(SOLD): BIBBS, Hart Leroy. Archive.

(Paris): Hart Leroy Bibbs, 1977-1985. Small archive of works by Hart Leroy Bibbs, an African American photographer, jazz musician, poet, and artist, who born in Kansas, MO., lived in France from the 1960s where he adopted the jazz-filled lifestyle of artists living in Paris, becoming part of a group of black American artists — among them Louis Armstrong, Amiri Baraka and Ted Joans with whom he collaborated on Double Trouble. Al Jones who now recites Bibbs poetry from memory at poetry readings in the New York says of Bibbs prose it, “‘tore him up.’ “He would write for his life, it was like he bled every time.” with Bibbs basing most of his poetry on his ill health and use of drugs. The archive comprises:
1. “The Hanging Box”. An unpublished typescript of the first 27 pages of a novel written in homage to Chester Himes and featuring Himes’s two-man African American detective team, Coffin Ed and his partner Grave Digger Jones. In For Love of Imabelle (1957), Himes’s first Harlem crime novel, a villain throws acid in Coffin Ed’s face. This vicious attack scars the detective both physically and emotionally for the rest of the Hime’s nine-book series. Coffin Ed’s acid-scarred face is often described in grotesque and frightening terms and comes to represent the potential terror he himself could unleash. As a result of this incident, Ed is known to be very quick to the trigger and subject to extremely violent rages when interrogating suspected criminals. This is one of the few characteristics that distinguishes him from his partner, Grave Digger. Grave Digger often acts as the restraining voice or hand when Ed seems close to the edge of excessive force. In this work the two detectives are sent to France, at the request of the F.B.I., to locate a missing American painter. It is unknown if the novel was ever completed we have here the only known example which comprises 27 A4 sheets, recto printing, with some minor ink corrections.
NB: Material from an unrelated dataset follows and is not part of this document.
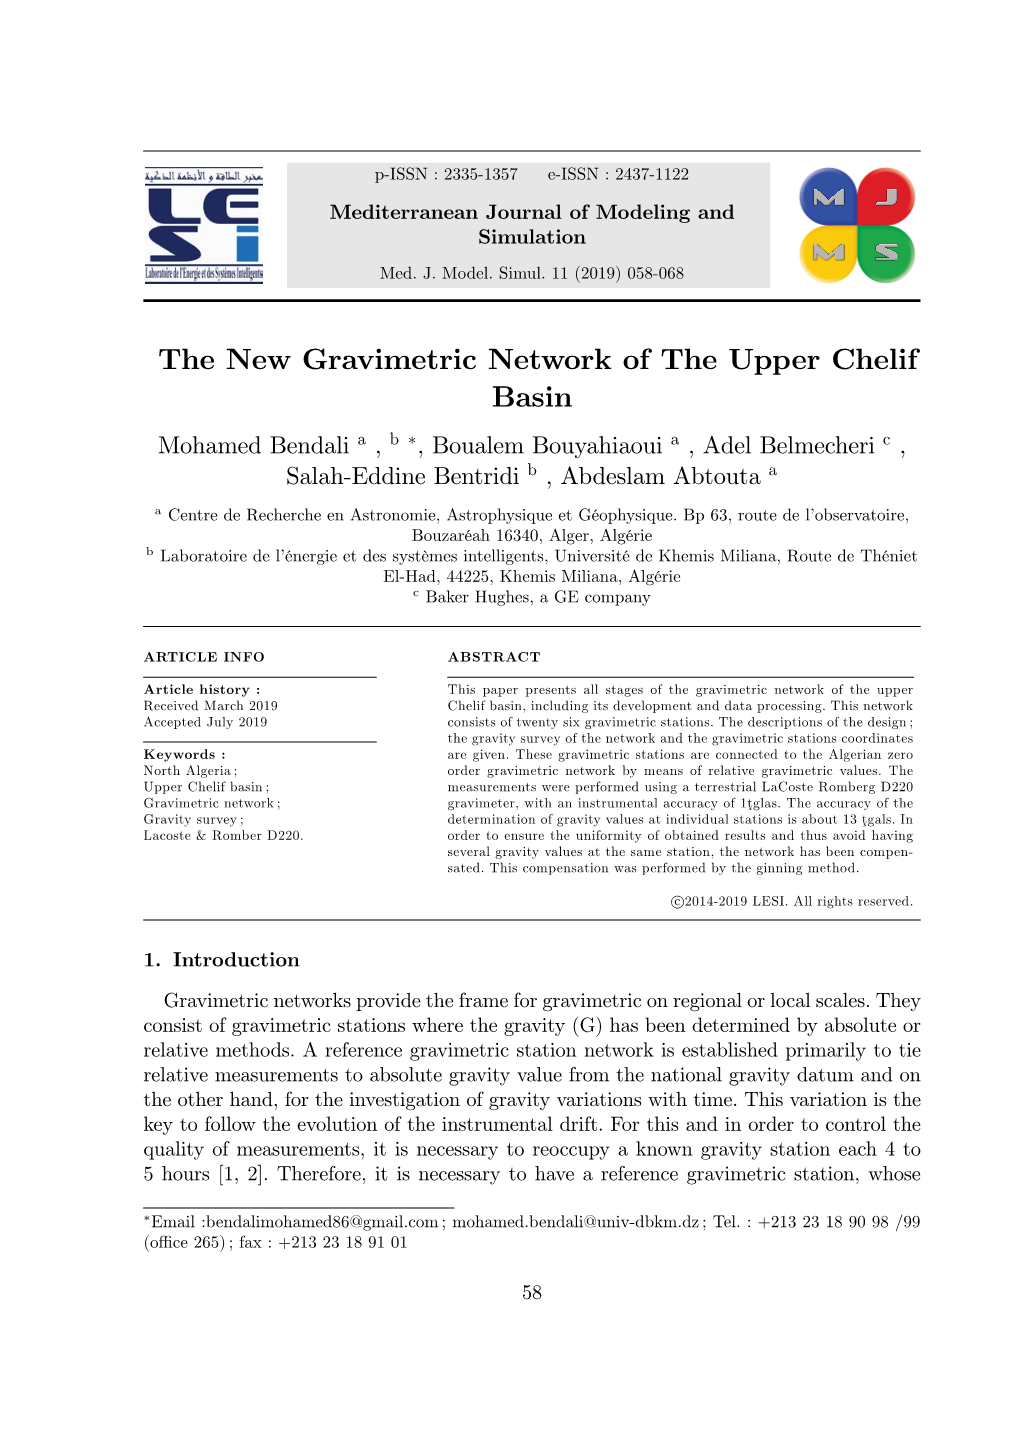 The New Gravimetric Network of the Upper Chelif Basin

2. “La Malade Obscene” / “He Couldn’t Hold It.” (Paris): 1984 Handwritten short story 5-pages in black marker together with a 2-page typescript version of the same story which concerns an awkward incident during a visit to the Frankfurt International Book Fair.
3. “Par for the Course.” (Paris): 1984. Handwritten account, 9-pages, of a concert by Mal Waldron Centre culturel de
Soissons, November, 1984. Bibbs tells of travelling from Paris for the concert, and hanging with Waldron before and after the concert. Waldron was an American jazz pianist, and Billie Holiday’s regular accompanist from April 1957 until her death in July 1959. Waldron after a heroin overdose in 1963 was left unable to play or remember any music, moving to Europe he slowly regained his skills.
4. “Free Jazz from Strange Fruit” (Paris): 1983. Handwritten dialogue, 15-pages, in passionate support of Arthur Doyle who had been imprisoned in France for the alleged rape of two women at gunpoint. Doyle was later pardoned and released in 1988. Doyle was an American jazz saxophonist, bass clarinettist, flutist, and vocalist who was best known for playing what he called “free jazz soul music”. He moved to Paris in 1981 where he began an association with multi-instrumentalist Alan Silva and his Celestrial Communication Orchestra, and participating in the recording of the album Desert Mirage in 1982. He was arrested in 1983, during his five years in prison Doyle wrote over 150 songs that became the Arthur Doyle Songbook — nursery rhyme-like folk tunes and obsessively-rendered, deceptively simple lyrics in homage to fallen heroes and family figures that, in performance, would be interspersed with saxophone squall and microtonal flute twitter.
5. “No Jazz in Misr”. (Paris): 1982. Handwritten account, 12-pages (including cover sheet with black marker decoration) of a trip to Cairo where Bibbs met the Egyptian jazzmen Yehya Khalil, the founder of the Cairo Jazz Quartet, the first jazz band in Egyptian history, and Salah Ragab who accompanied Sun Ra during his 1984 European Tour.
6. Manifesto Optkorption. (Framingham, MA): Wooley the Newt Productions Ltd, 1980. First edition. First edition. 16 pages. French translation (Jeanne Catala) of a booklet that looks at the relationship between thought, music and photography. The booklet is illustrated with eleven portraits of musicians including Charlie Mingus, Nina Simone, Sugar Blue, Don Cherry and others. A very good example in stapled wrappers.
7. Photographic portrait of French author, Marc Albert-Levin. Portrait measures approx. 15cm by 9cm and is signed on the reverse by Bibbs.
8. Photographic portrait of Barbara Summers. Portrait measures approx. 13.5cm by 10cm and is signed on the reverse by Bibbs. Summers was a successful model, being represented by Ford Models, one of America’s top agencies for 17 years, and author of Skin Deep – the story of Black models in America and abroad – the definitive work on black women in the modelling industry.